GSA 2020 Connects Online

Paper No. 163-5
Presentation Time: 6:20 PM

AN EON OF THE MIND: A COGNITIVE AND BEHAVIORAL VIEW OF PHANEROZOIC FAUNAS


HSIEH, Shannon, Department of Earth and Environmental Sciences, University of Illinois at Chicago, 845 West Taylor Street, MC 186, Chicago, IL 60607-7059

Cognition, the ability to acquire and process information, mediates many critical interactions organisms have with their surrounding environments and with one another. The Cambrian radiation ushered in a world dominated by animals with behavioral repertoires and life modes reliant on complex information processing, using well-organized sensory and nervous systems. Comparisons among major Lagerstätten reveal Cambrian marine faunas to be similar to those later in the Phanerozoic in proportions of genera with macroscopic photoreceptive and chemoreceptive organs, as well as brains. Analysis of ecospace use by marine animals of four differing grades of nervous system complexity show that, both in the Cambrian and today, diverse habitat tiers and feeding modes can be occupied by those with even simple nervous systems. However, ecological lifestyles requiring rapid and routine movement are nearly exclusively associated within brain-bearing taxa, suggesting a connection with fast information processing abilities and bodily responses.
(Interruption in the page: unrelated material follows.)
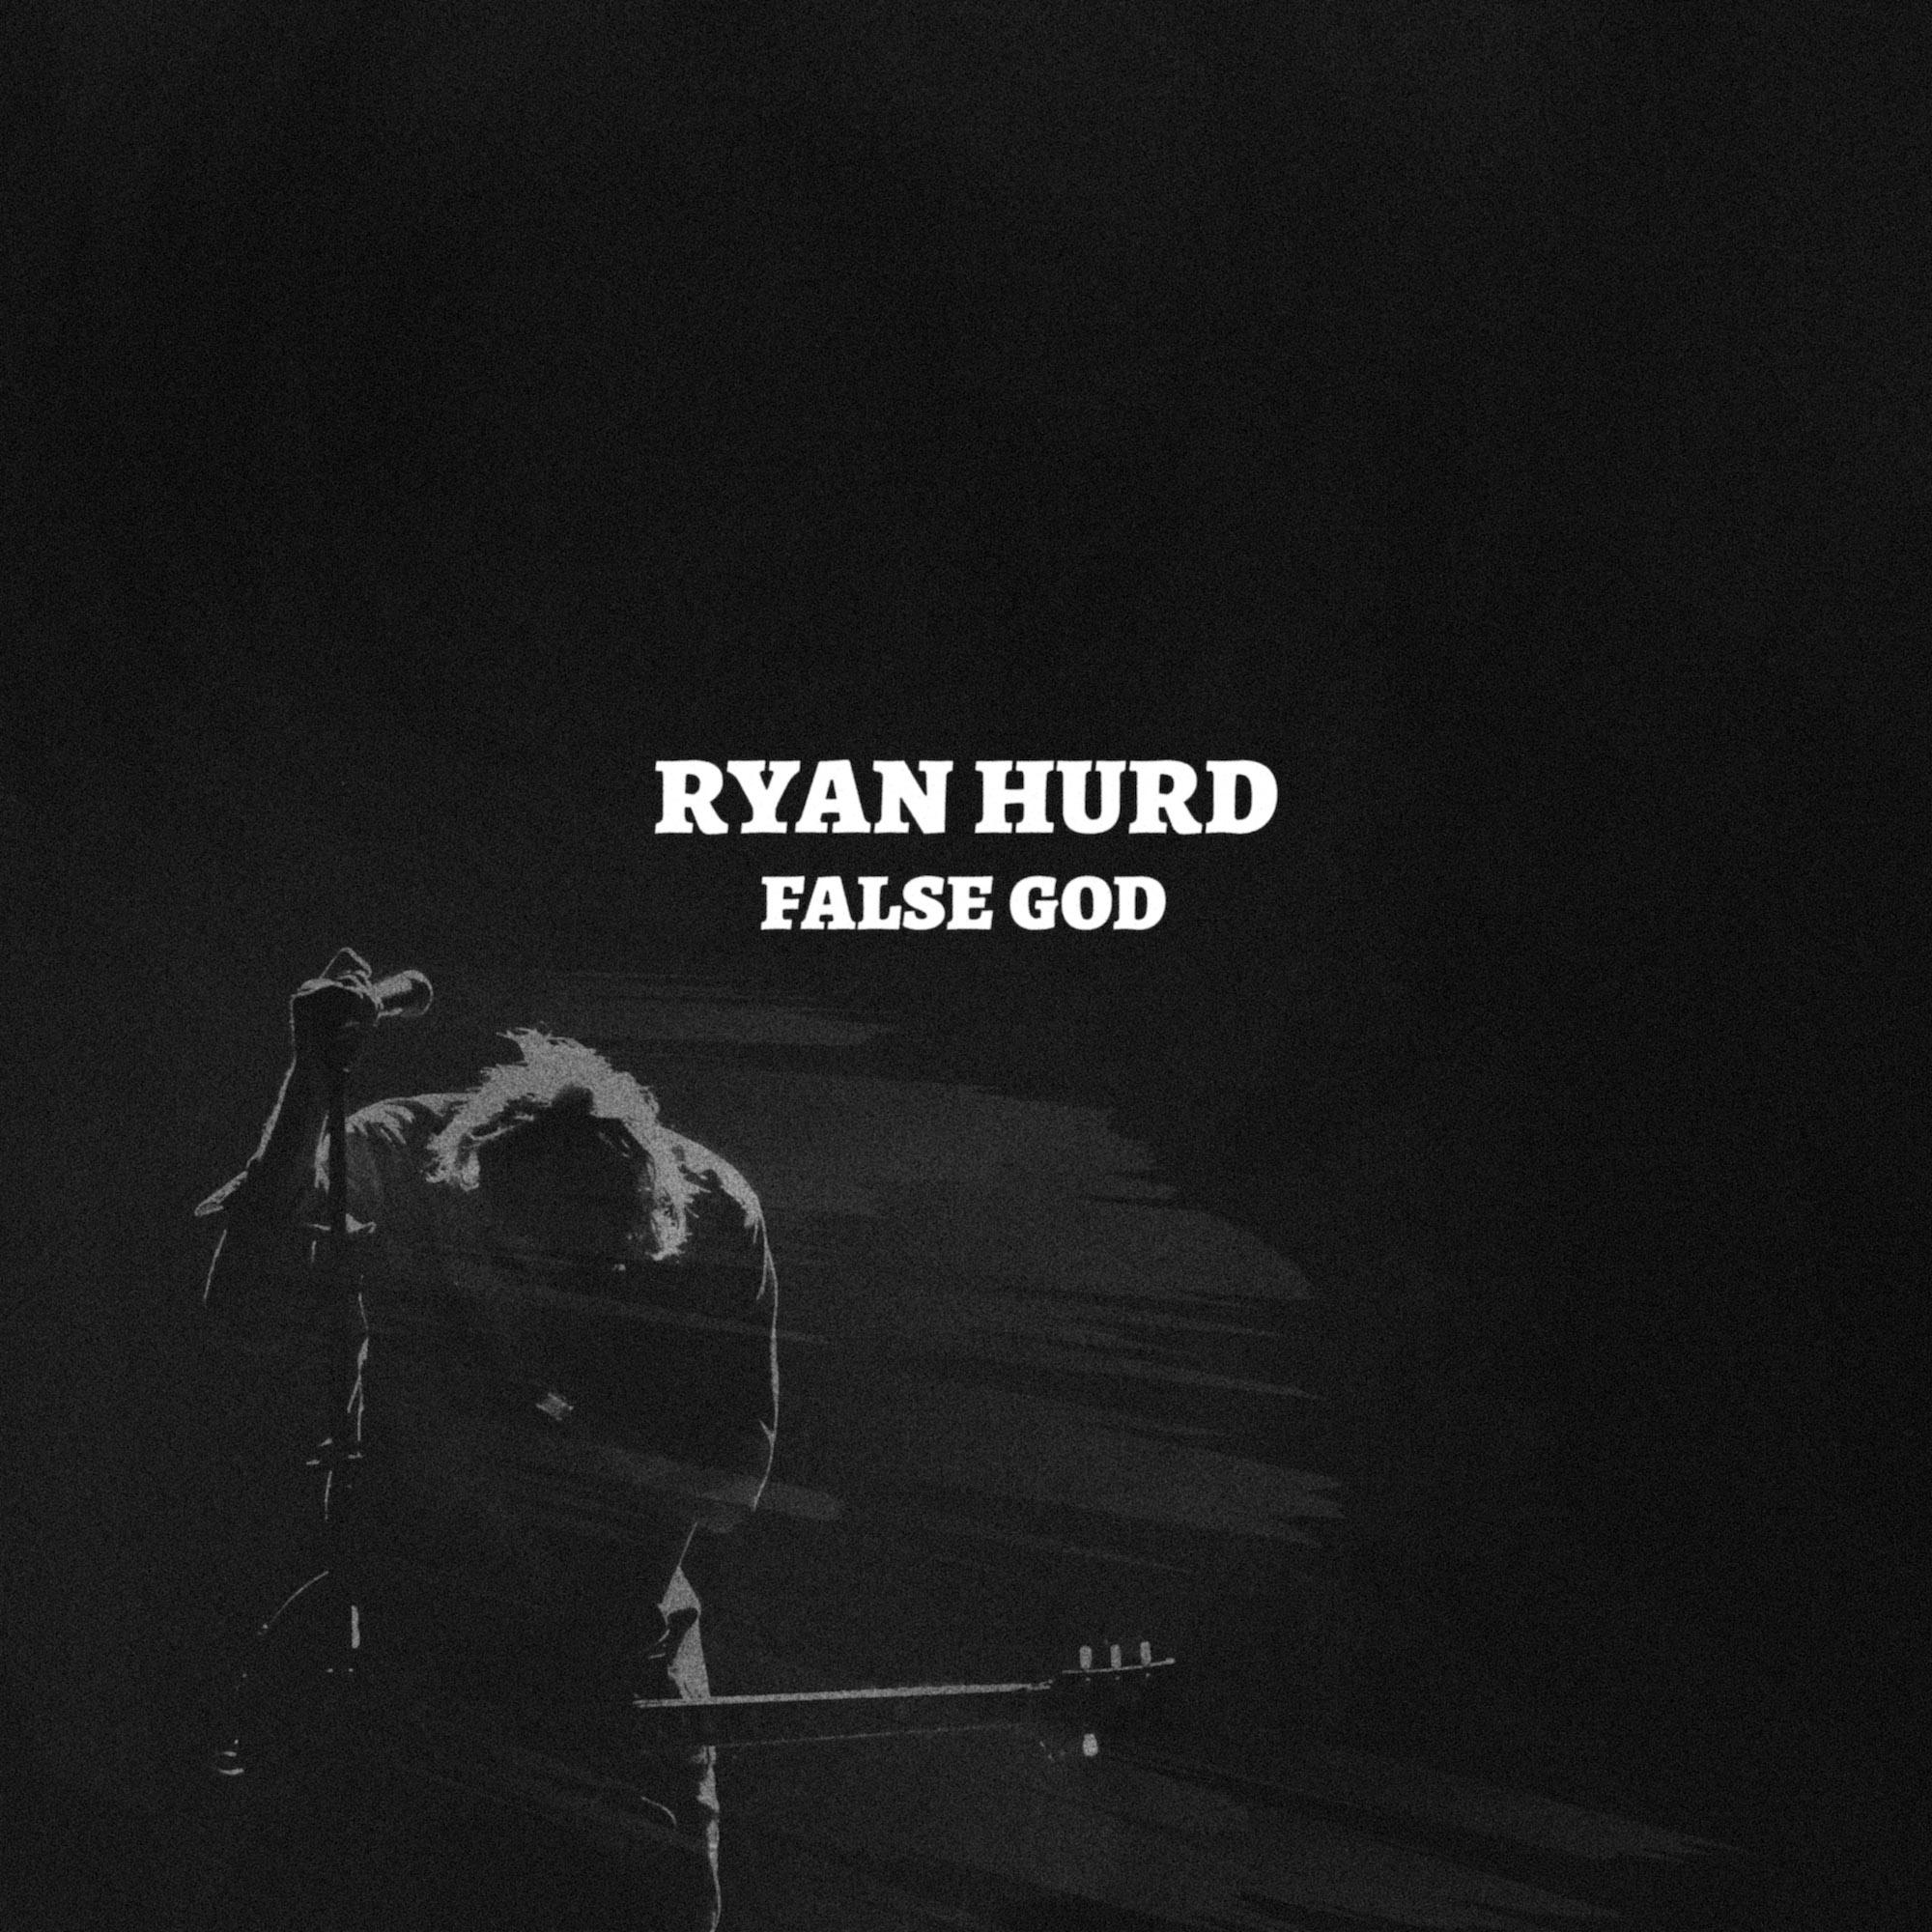 False God (Taylor Swift Cover)

The biosphere became further dominated by brain-bearing, behaviorally active faunas with the conquest of the land. The overall rise in cognitive sophistication in the Cambrian was likely a unique event in the history of life, though sensory system elaboration and increases in brain size have later developed in some lineages. Comparisons of behavioral categories studied by contemporary biologists with the paleontological literature also suggest that much of the behavioral repertoire observed in modern animals was present throughout the Phanerozoic from the Cambrian onwards.